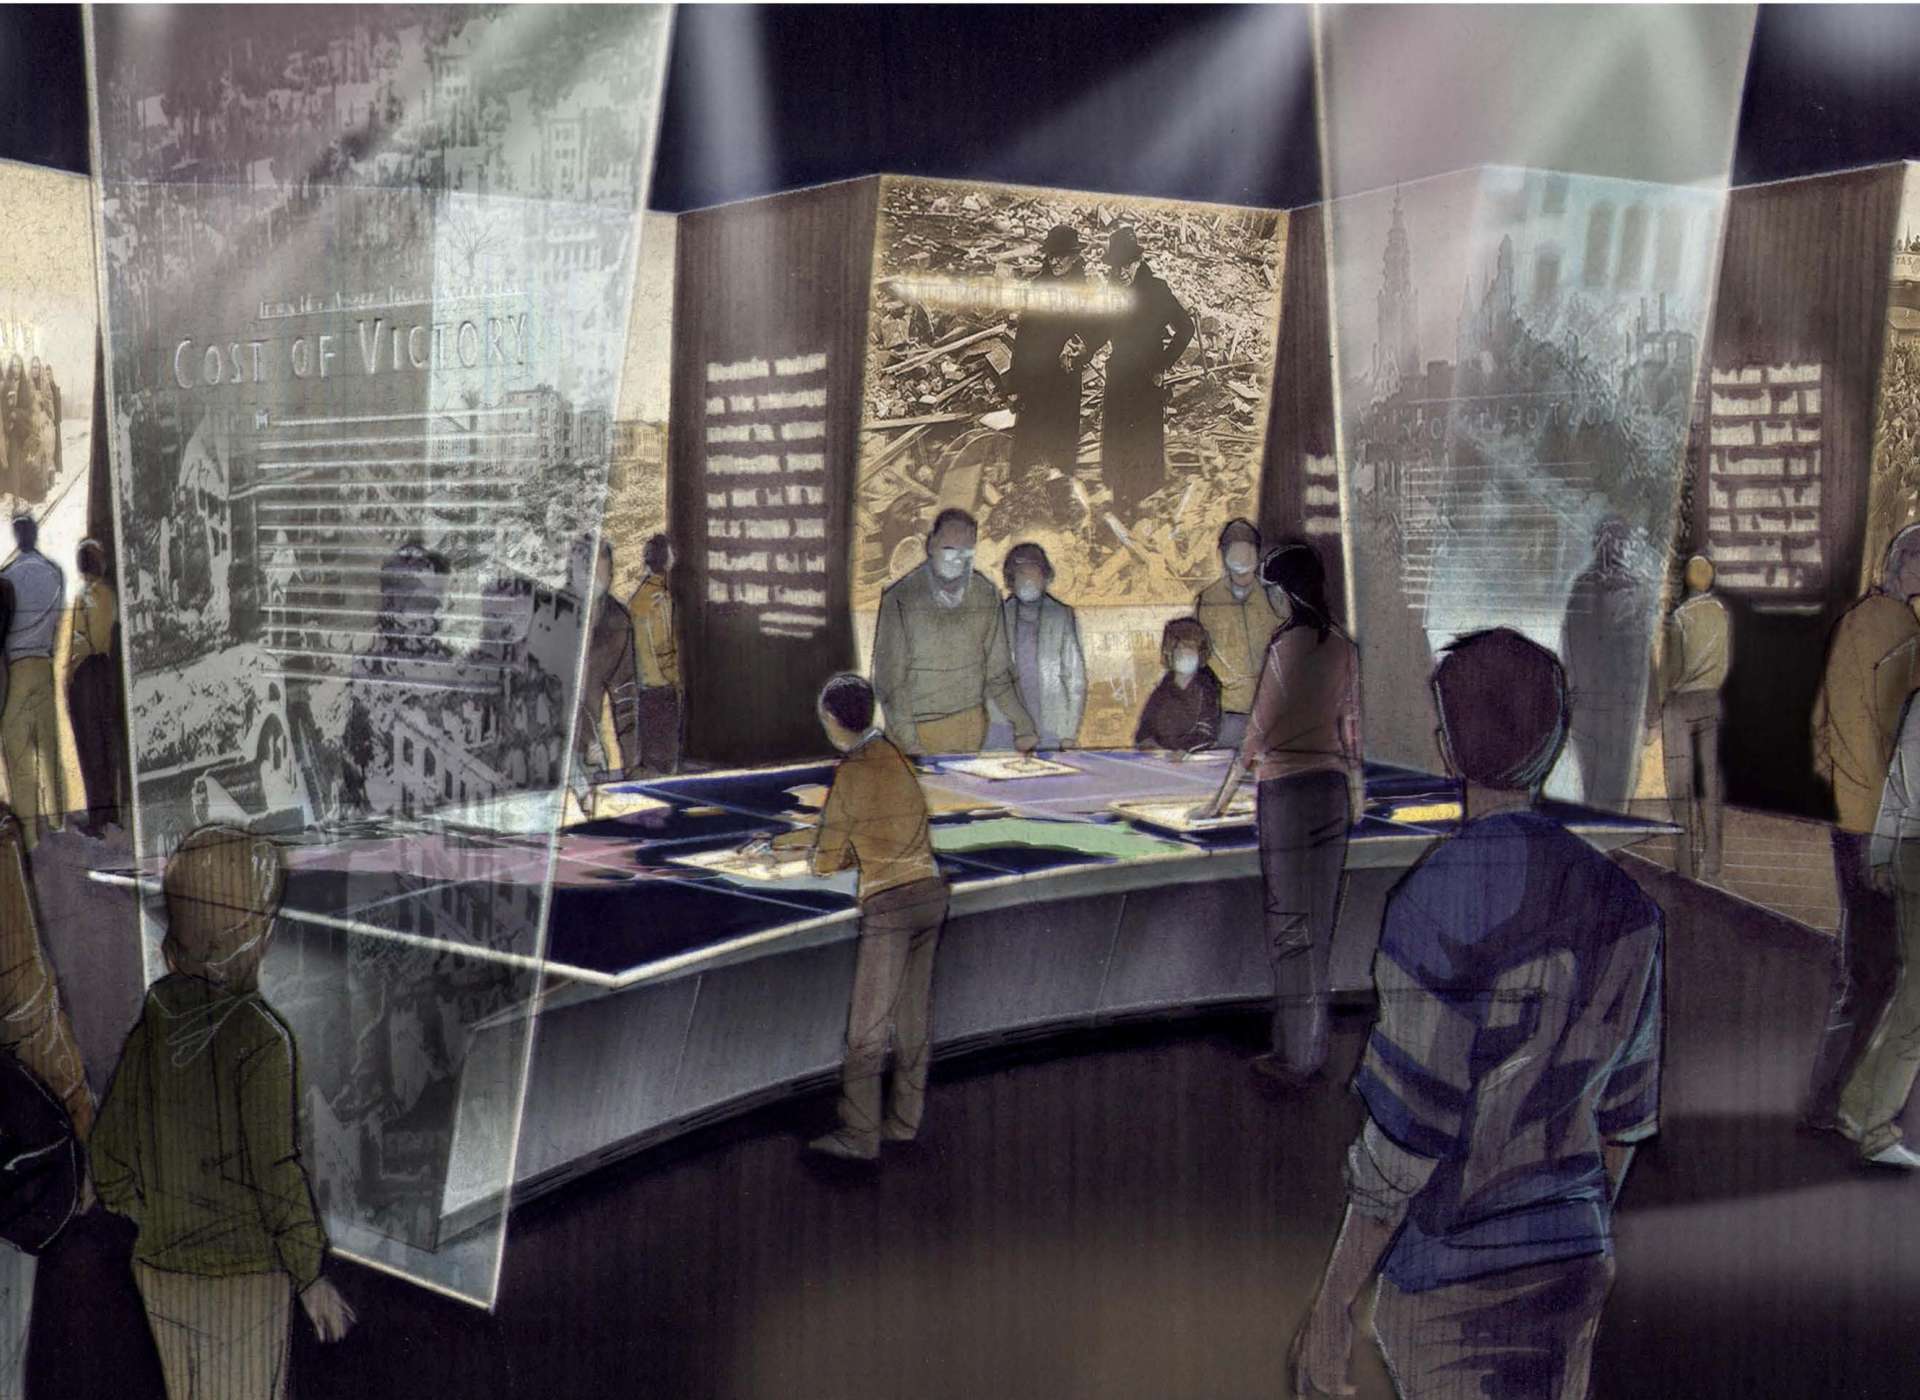 Liberation Pavilion Cost of Victory exhibit rendering
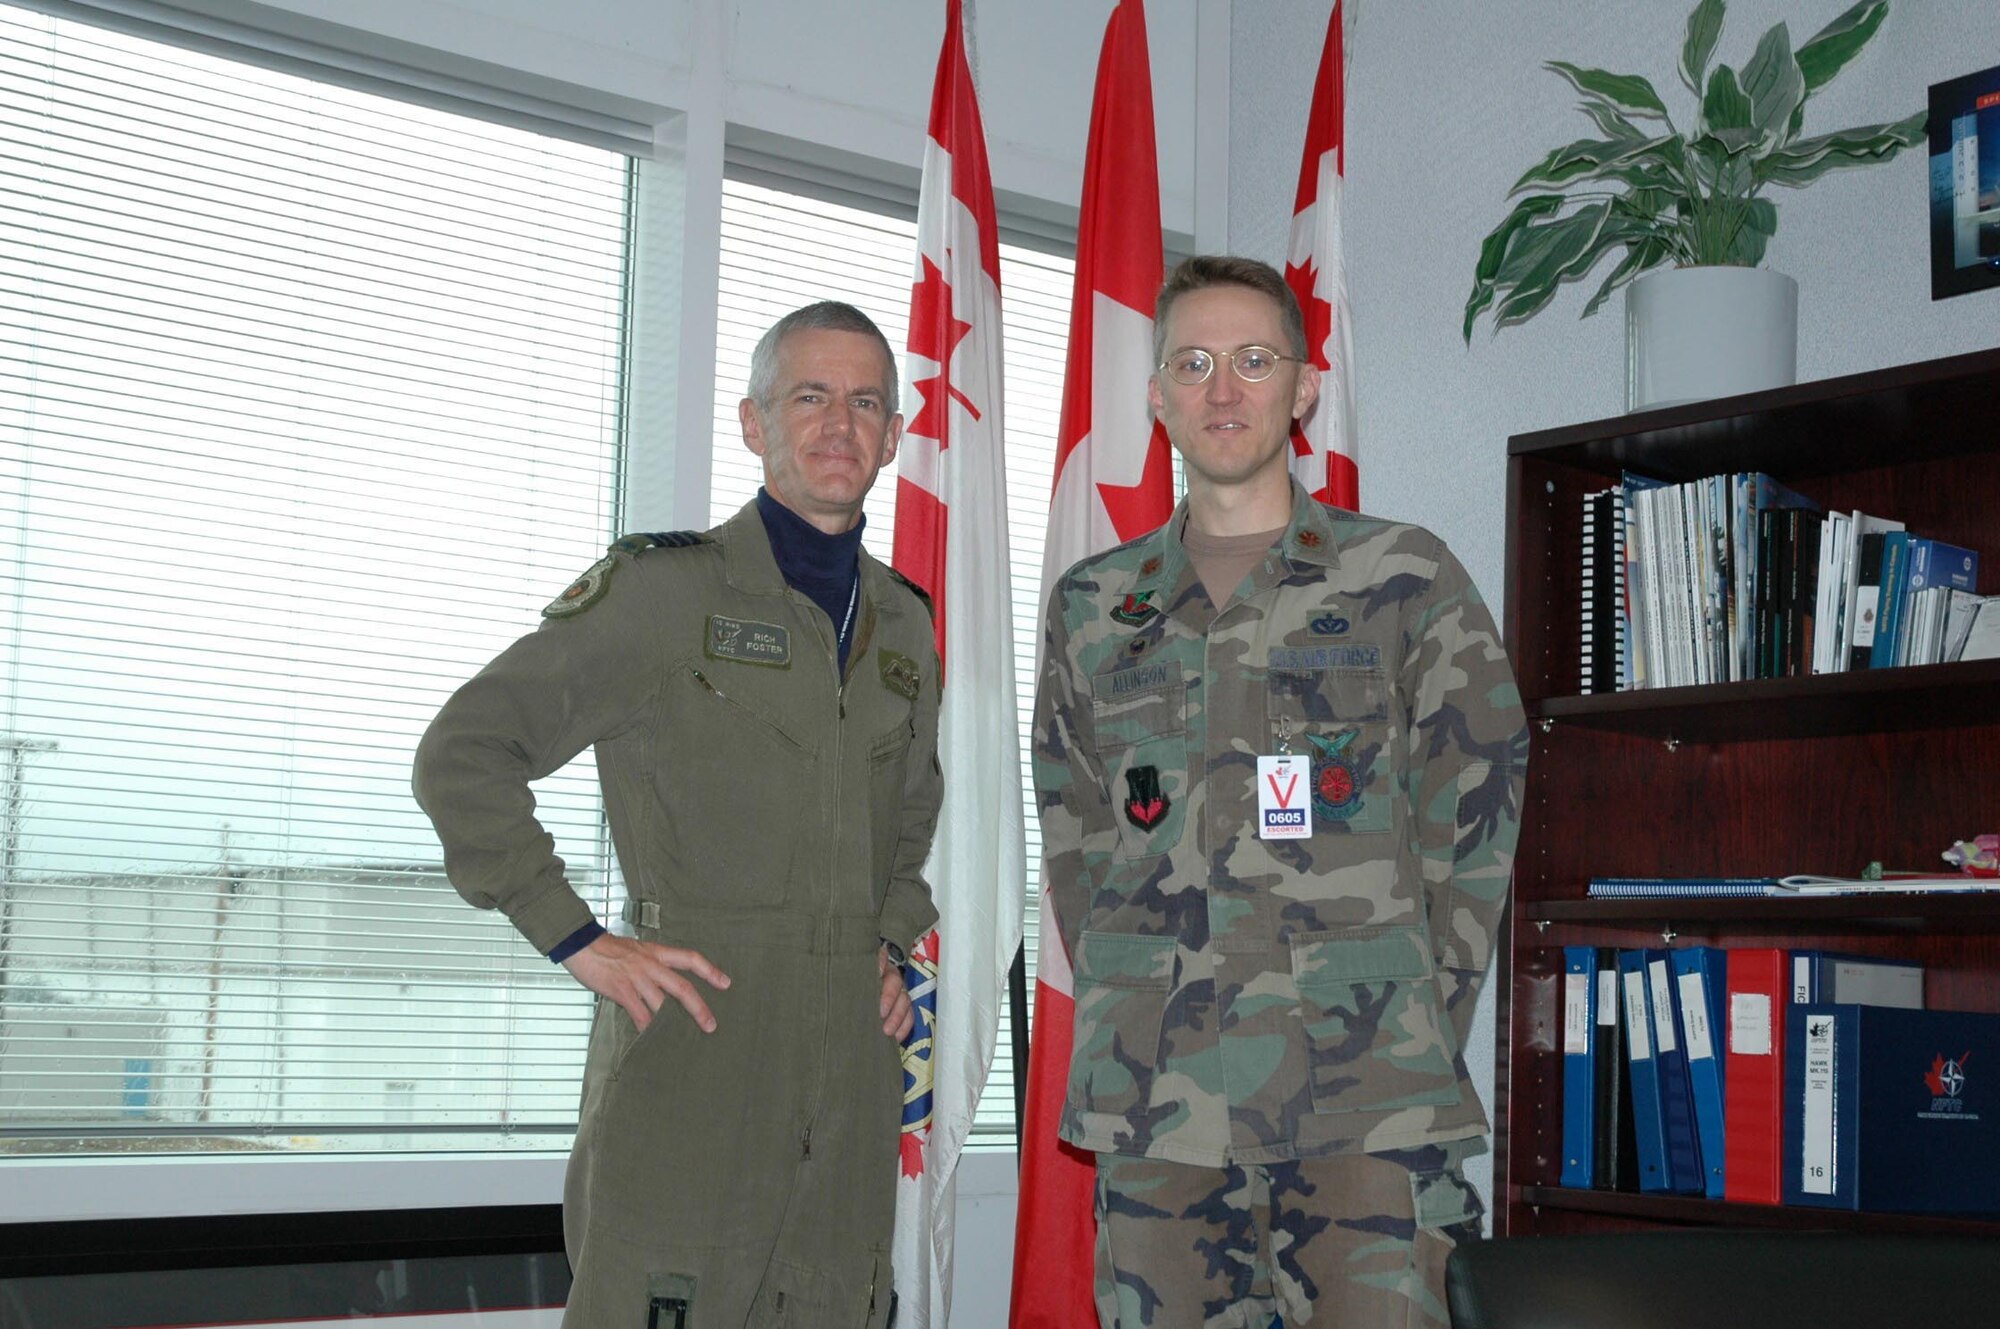 Canadian Colonel R.D. Foster, commander of 15th Wing, Moose Jaw, meets with Major Matthew Allison, 147th Civil Engineer Squadron commander. (Texas National Guard photo/Senior Master Sgt. Marcus Falleaf)
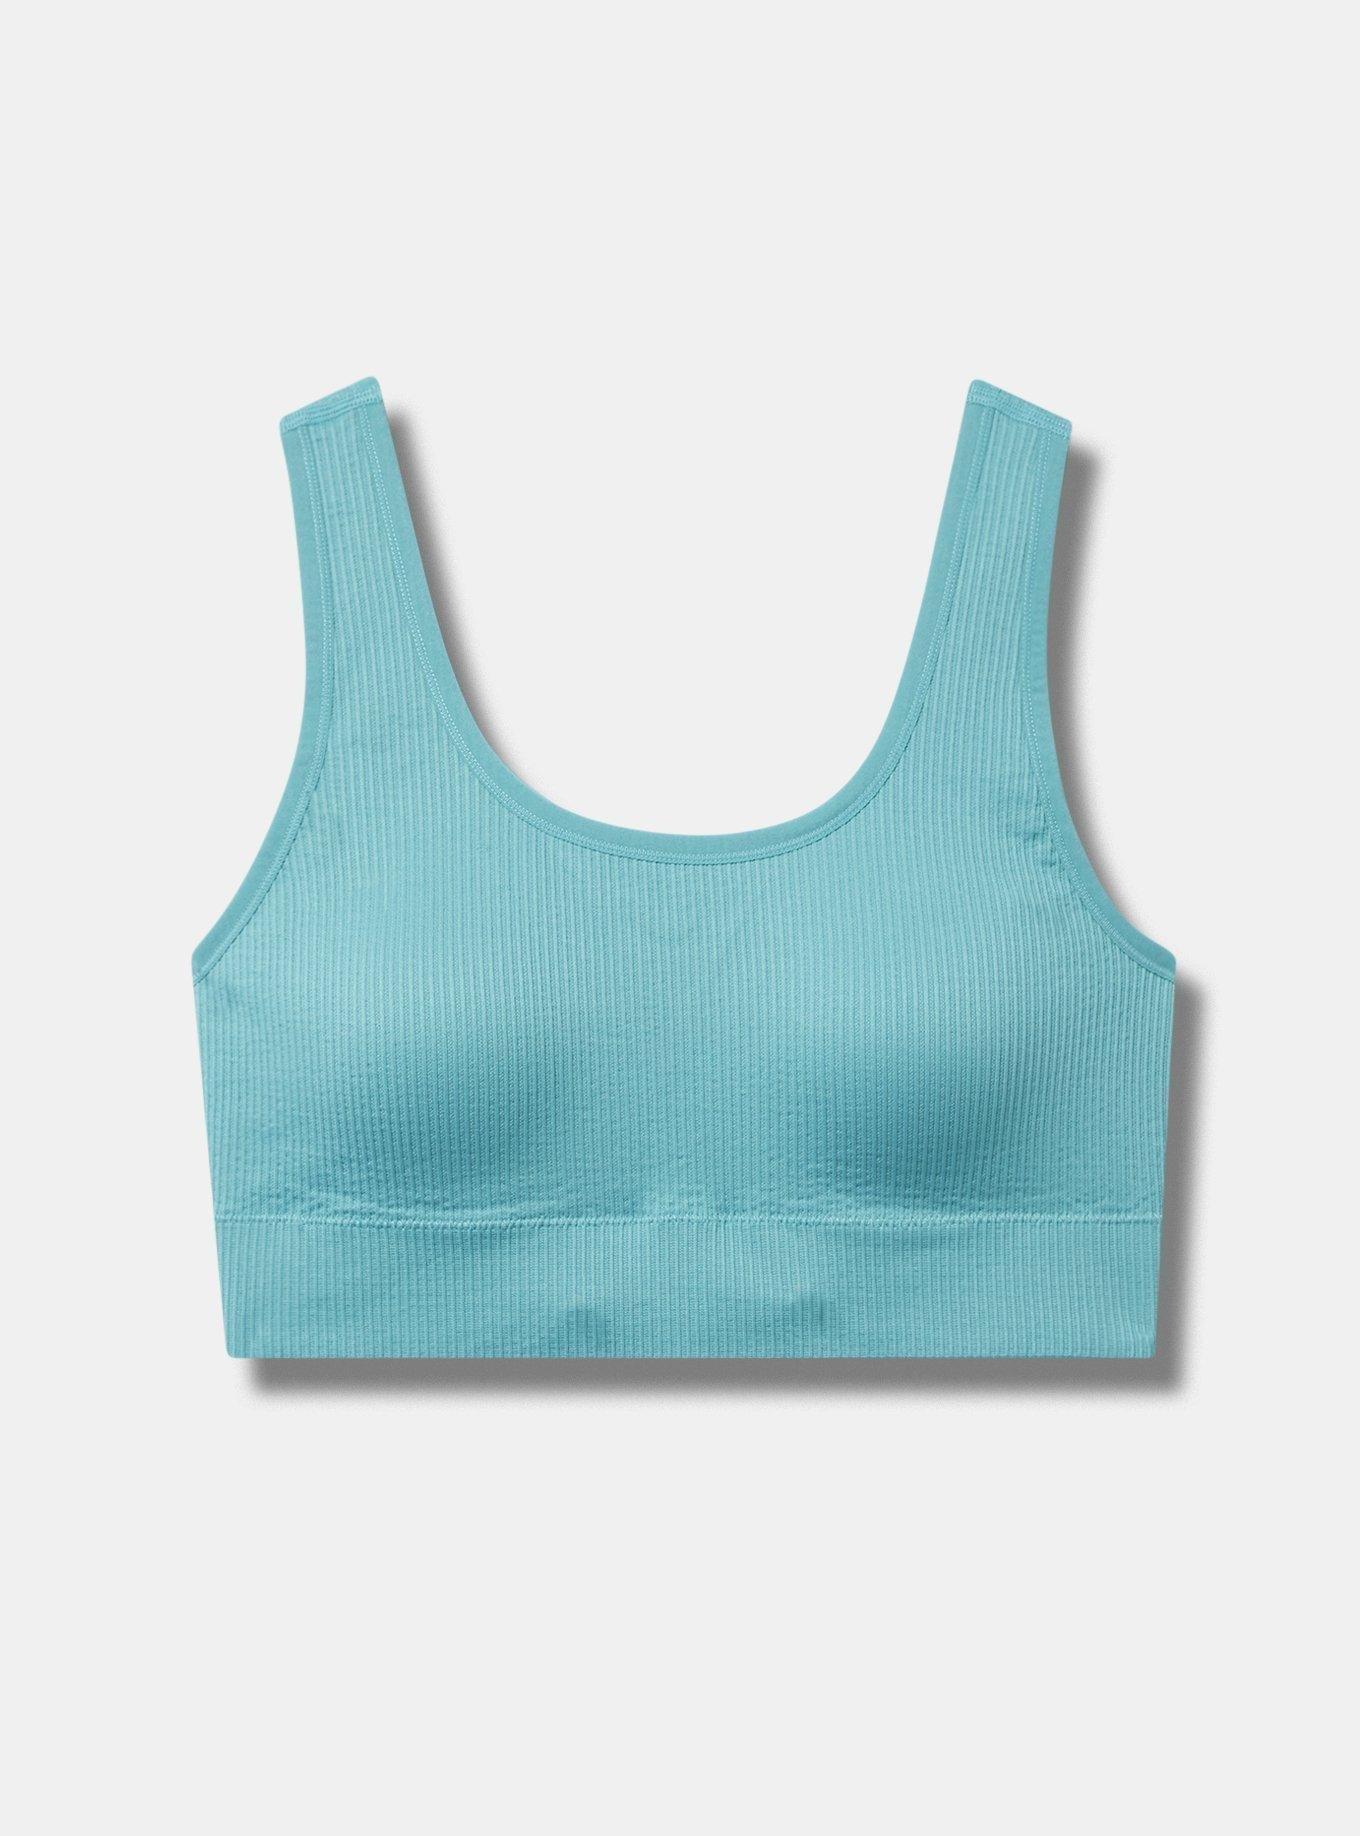 I'm a 44DD - I usually have problems in tank tops with built-in bras but I  found 3 that work, the last has a cute detail

:: YOUR ASSIGNMENT ::
Only the lines from the one with "Canadian Colonel R.D." through the end of the listing should be transcribed, exactly and without pictures.

:: SOLUTION TO THIS PROBLEM ::
 Canadian Colonel R.D. Foster, commander of 15th Wing, Moose Jaw, meets with Major Matthew Allison, 147th Civil Engineer Squadron commander. (Texas National Guard photo/Senior Master Sgt. Marcus Falleaf)
 I'm a 44DD - I usually have problems in tank tops with built-in bras but I  found 3 that work, the last has a cute detail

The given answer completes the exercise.